This Saturday, April 26th, and next Saturday, May 3rd, descendants of Italians are organizing protests in São Paulo and Rome, respectively, against... Decree Law 36 / 2025. The law, currently being processed by the Italian Parliament, limits citizenship by descent to the second generation born outside Italy.
In São Paulo, the demonstration will take place at 10 am, at Milan City Square, in the Jardim Lusitânia neighborhood. The location was chosen for its symbolic value. It is estimated that Brazil is home to around 30 million descendants of Italians, with the capital of São Paulo being considered the largest “Italian city” outside of Italy.
Among the organizers is Walter Fanganiello Maierovitch, a jurist and president of the Giovanni Falcone Institute. According to him, “by limiting citizenship to the second generation born abroad, the decree interferes with a historically recognized right.”
The text, presented under urgent procedure, eliminates the unlimited transmission of Italian citizenship. jure sanguinis — by right of blood. According to the proposal, the right ceases to be automatic for descendants who have not yet filed the process.
Demonstration in Rome will be on May 3rd
Mobilization continues in Italy. On May 3, the Capitol SquareA meeting in Rome will be held to meet with protesters. The aim is to denounce the impacts of the measure, especially for young people of Italian descent who have not yet been able to begin the process of obtaining citizenship.

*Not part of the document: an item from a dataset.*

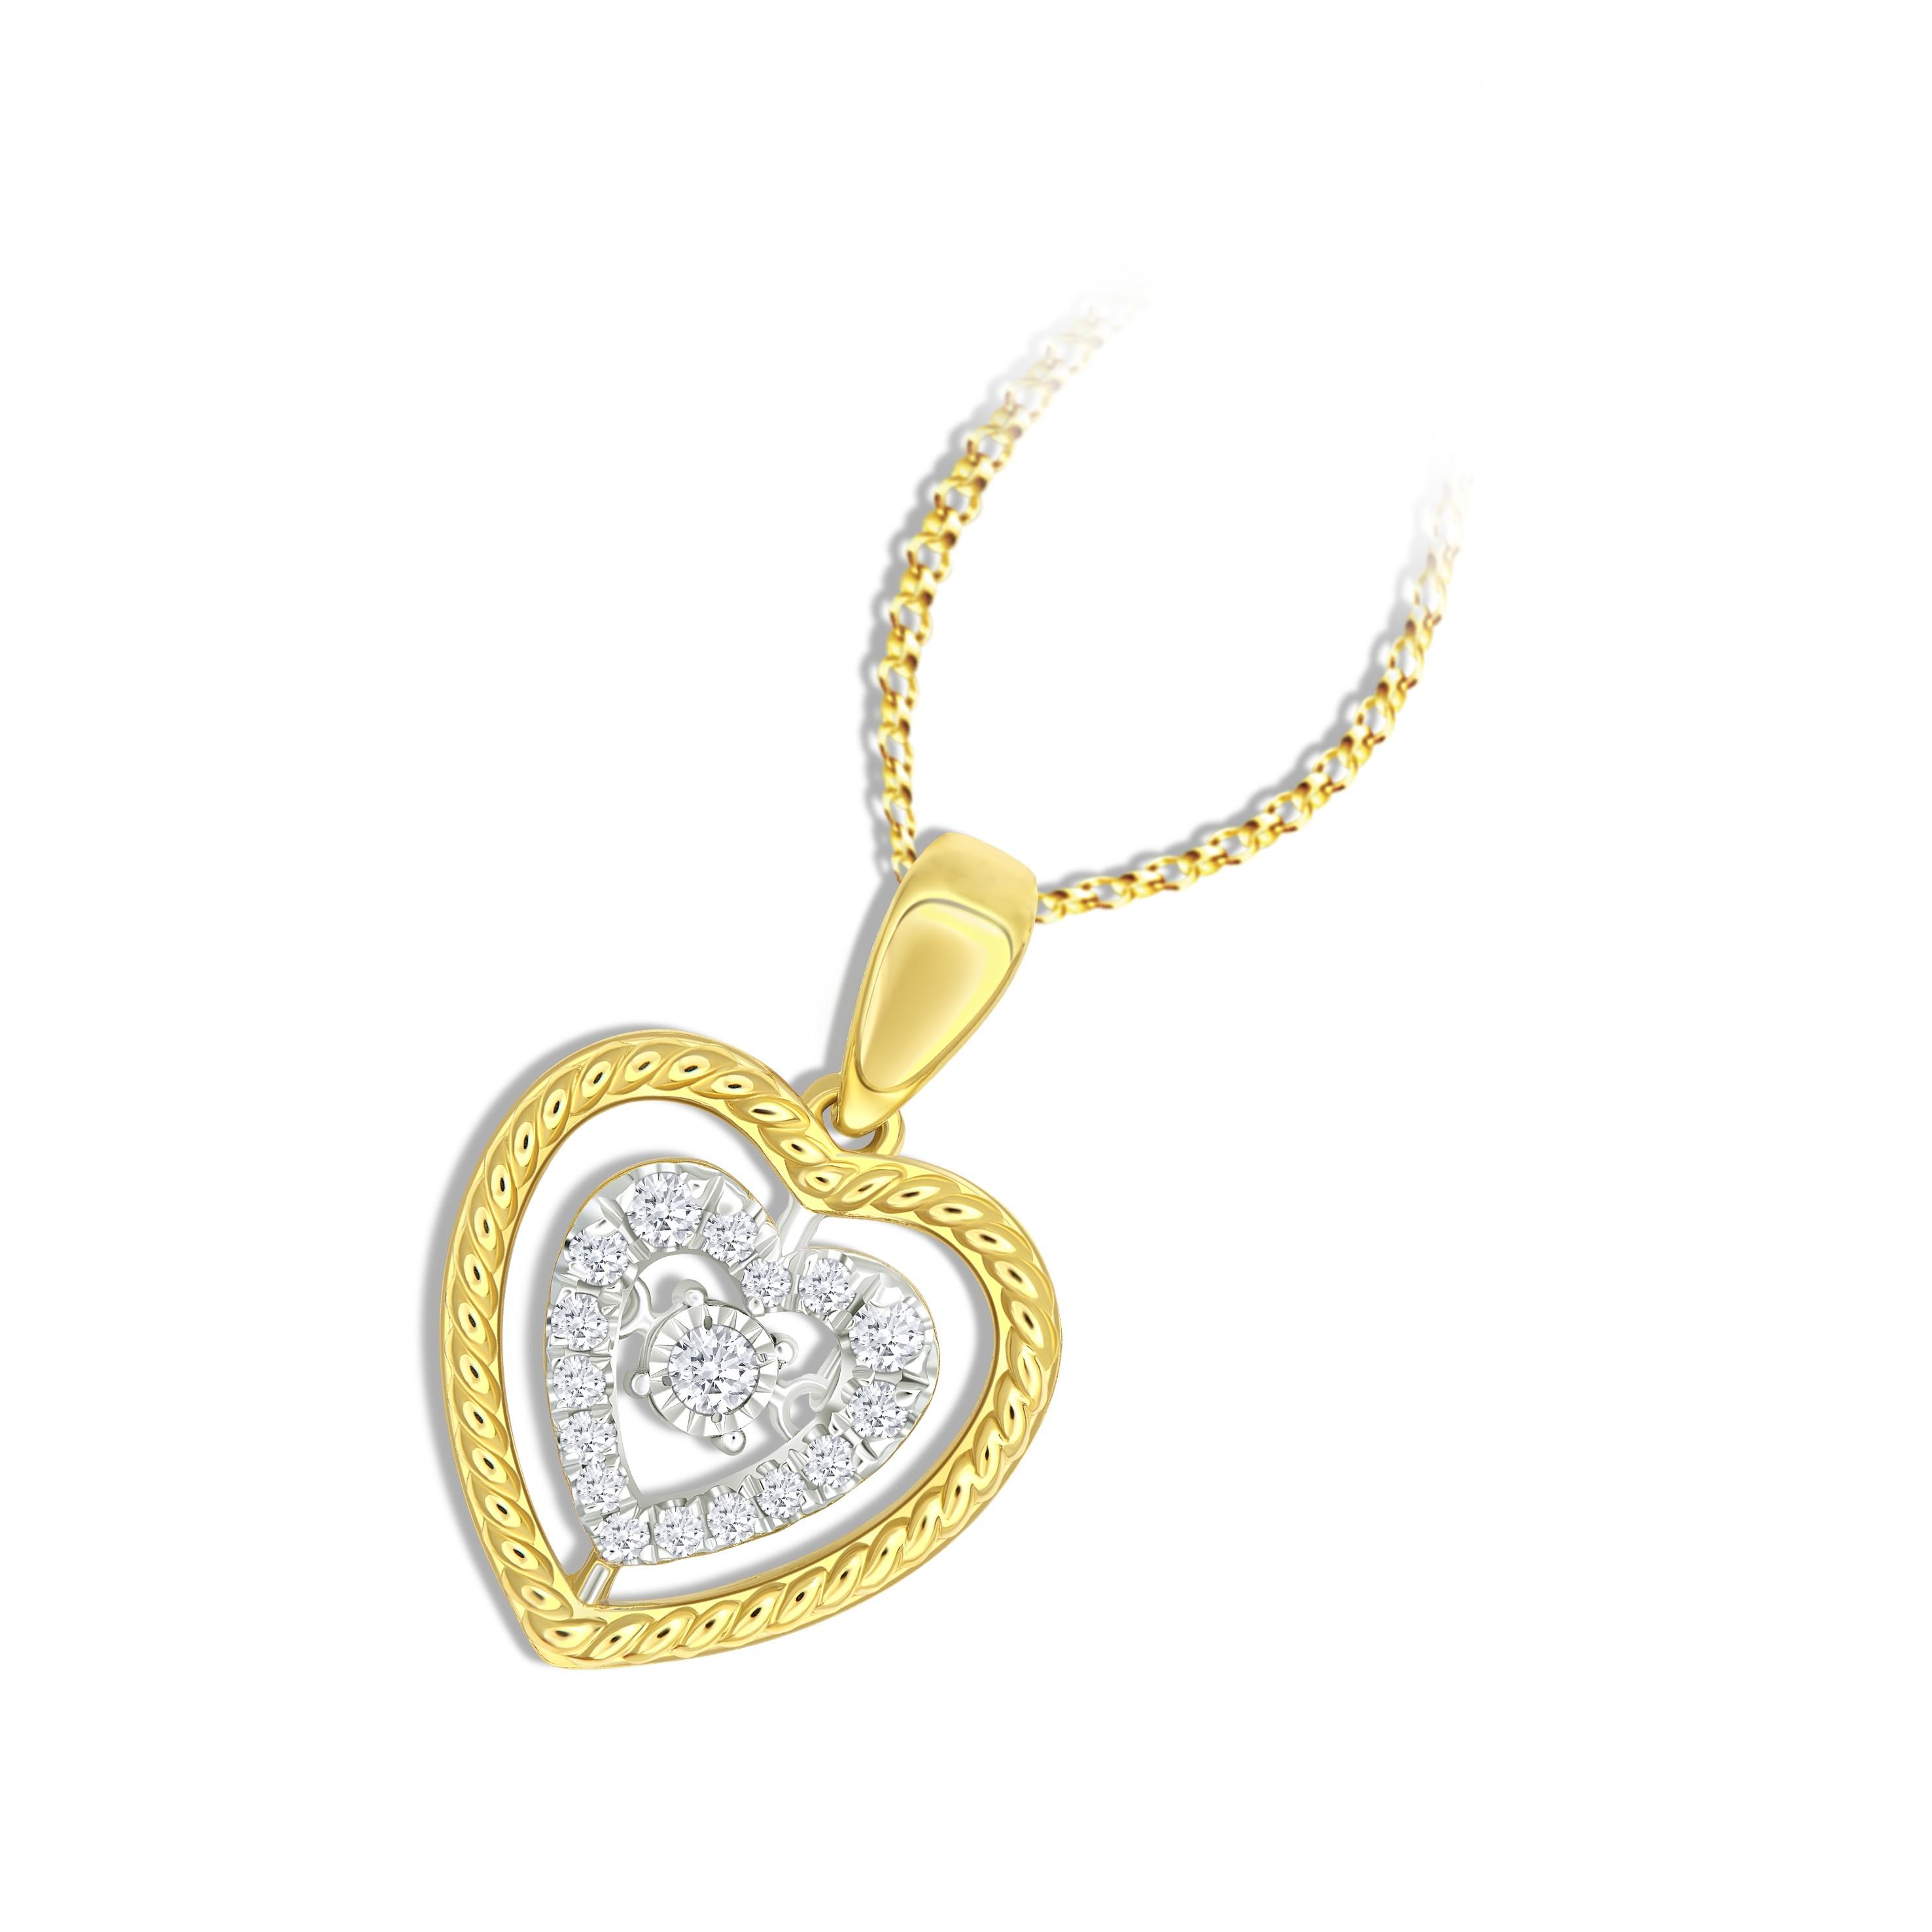 18K YELLOW GOLD HEART BEATS PENDANT KNG25P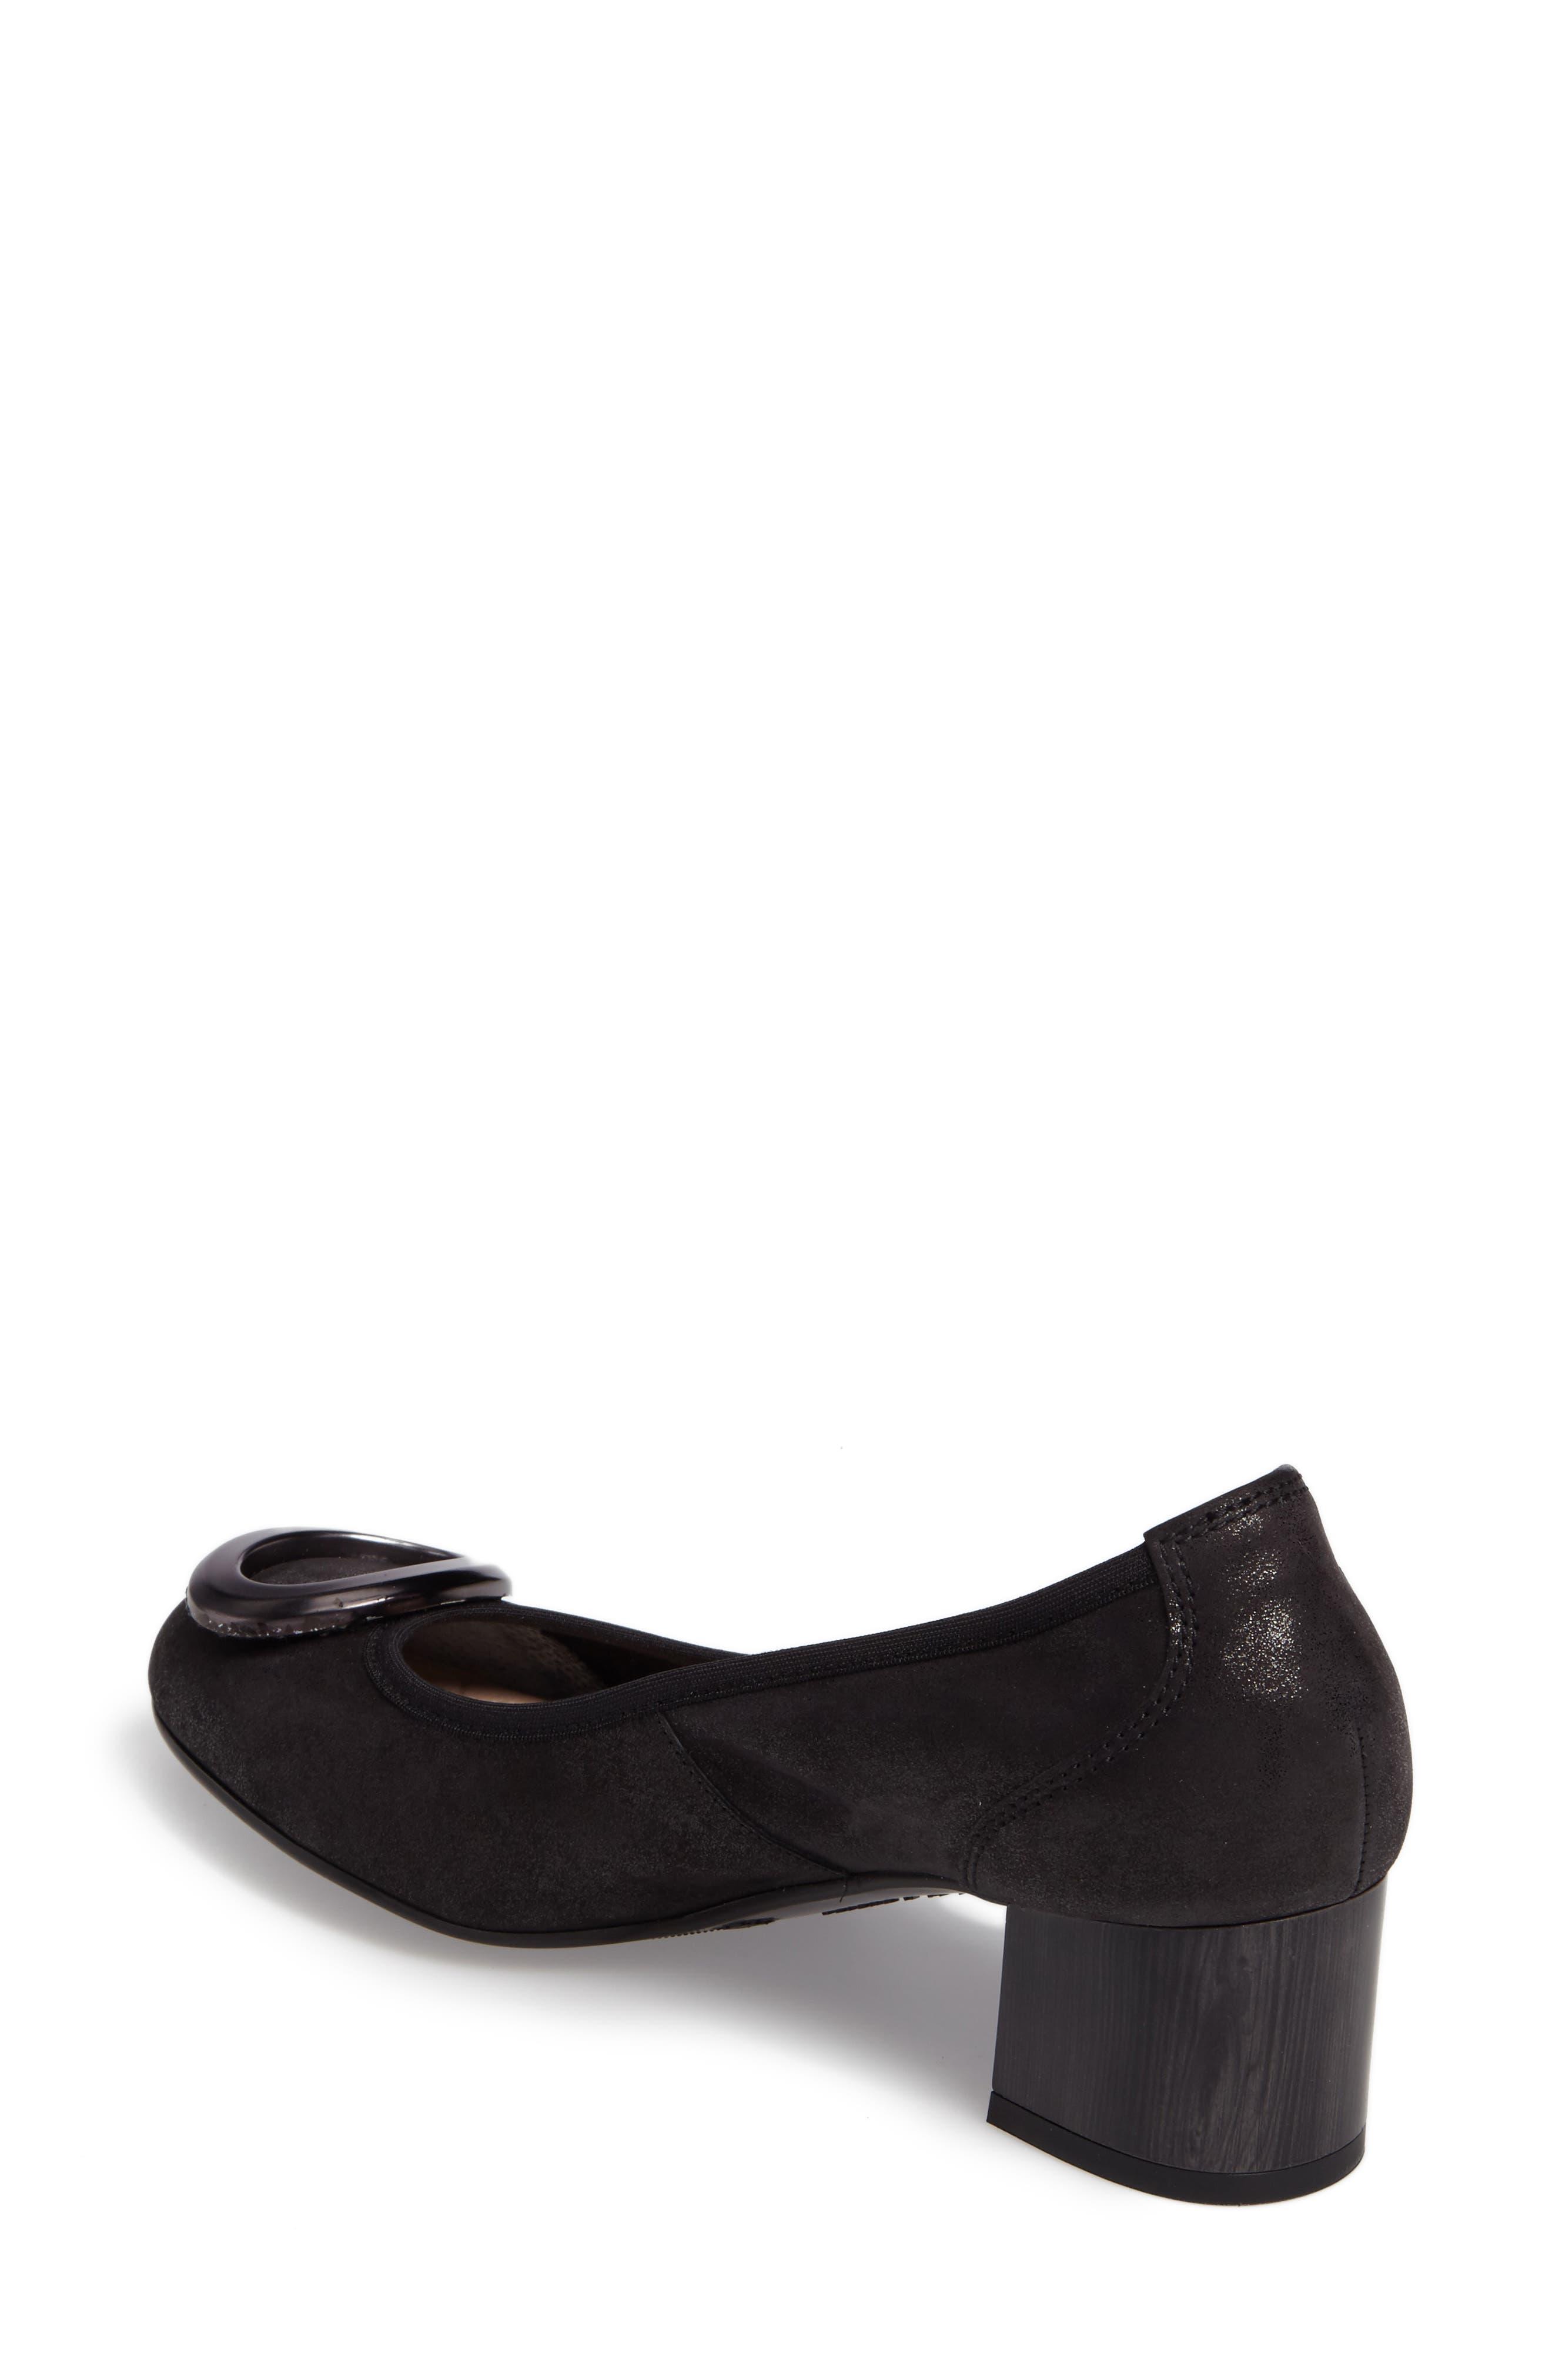 Jayla Brooch Toe Pump,                             Alternate thumbnail 2, color,                             Magic Black Leather

Antonella Nediani, an Italian-Argentine lawyer living in Faenza, is one of the leaders of the protest. She warns of the risk of excluding hundreds of thousands of people with historical ties to Italy. “This is a birthright, not a privilege,” she says.
Among the most criticized points are the automatic loss of the right for those who have not yet filed the application, the requirement that the parent has lived in Italy for two years before the birth of the child, and the increase in the application fee to 700 euros.
Nediani argues that the decree has “serious flaws of unconstitutionality”. For her, denying recognition is erasing a part of the country’s migratory history. “The right to citizenship is part of Italian identity. It cannot be denied or weakened”, she argues.